As the days tick down towards voting day in November, the competing propositions for legalized sports betting in California received a blow from local media. An editorial in the LA Times stated that both propositions were lacking in significant ways, and concluded that neither should pass when the state goes to the polls.
The editorial stated that both bills offered more risks than benefits to the state of California and stated that, if the Golden State is ever to legalize sports betting, it should not take the forms suggested in either bill. Both 26 and 27, it concluded, blatantly pick winners and losers whether those be the tribal entities concerned with administering sports betting, or the providers looking to deliver online betting in the state.

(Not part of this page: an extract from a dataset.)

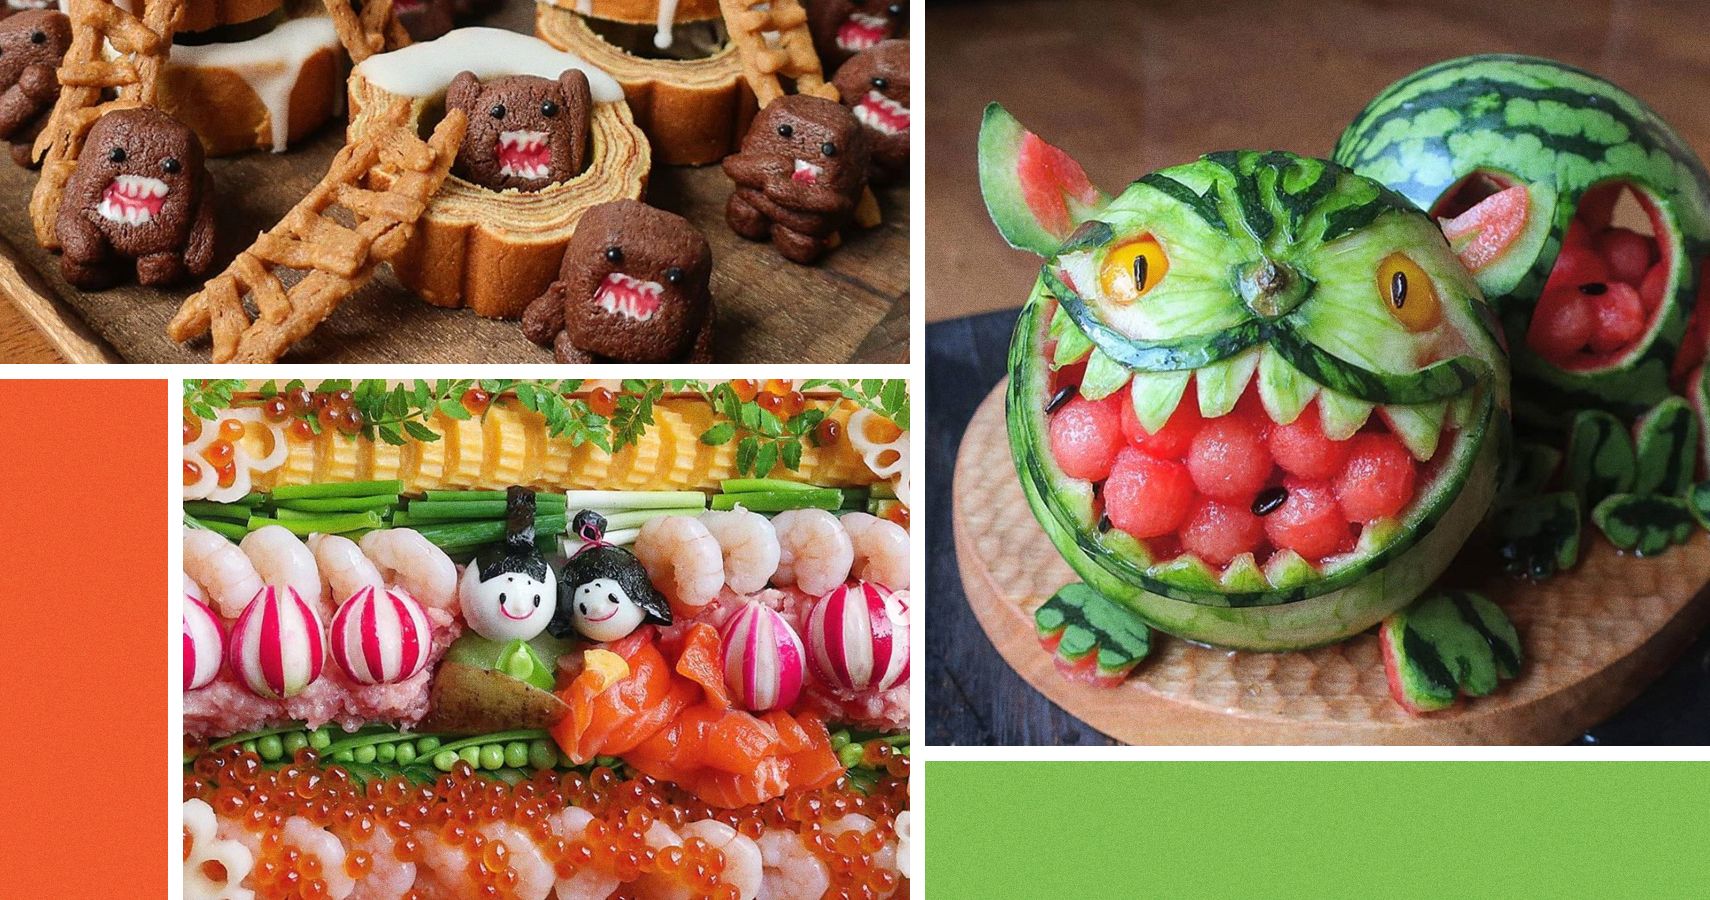 Mom Makes Amazing Works Of Art With Food

For clarity, Proposition 26 offers to give operating rights to tribal casinos and thoroughbred racetracks in the state. It would also allow non-card-based casino games in tribal casinos. Proposition 27 for its part would give rights to commercial betting operators and tribal entities. Both propositions have had their devotees and their critics, including tribal authorities who are divided on which bill, if any, should be the basis for future betting in California.
The Times, in its editorial, argued that neither proposition delivered what its backers claimed, including on the suggestion that it would take back revenue lost to illegal betting with offshore providers. Those offshore providers would remain out of reach of the tax authorities, meaning that they could deliver better offers to customers, which the Times believes would ensure that people continued to bet with them.
The commentary also cast doubt on the claim that permitting sports betting would deliver much-needed funding for mental health and homelessness mitigation. While it would certainly generate some revenue, the article argues, it would not be a “game-changer”. At the same time, the provisions in Proposition 26 could lead to lawsuits against currently-legal cardroom casinos in the state, and that animal rights groups have raised issues over the involvement of racetracks in the provision of sports betting.
There is little clear information at this point on the likelihood of success for either bill, although it is understood that both propositions are on a knife edge. Both could pass, and it’s also possible that neither one will. If both do pass, then it is understood that whichever one passes with a higher margin of the vote will be the one that is given precedence. With that said, if Prop 27 is the more popular bill with voters, most of the provisions in Prop 26 could still go into effect anyway. Should 26 be more popular, there is a chance that tribal entities could challenge the passage of 27 in court, arguing that the two bills are in conflict.
In any case, it must be said that the coming weeks are likely to deliver more disagreement and division, and everyone concerned will be hoping that whatever happens at the polls, it brings an end to what has been an often unedifying debate.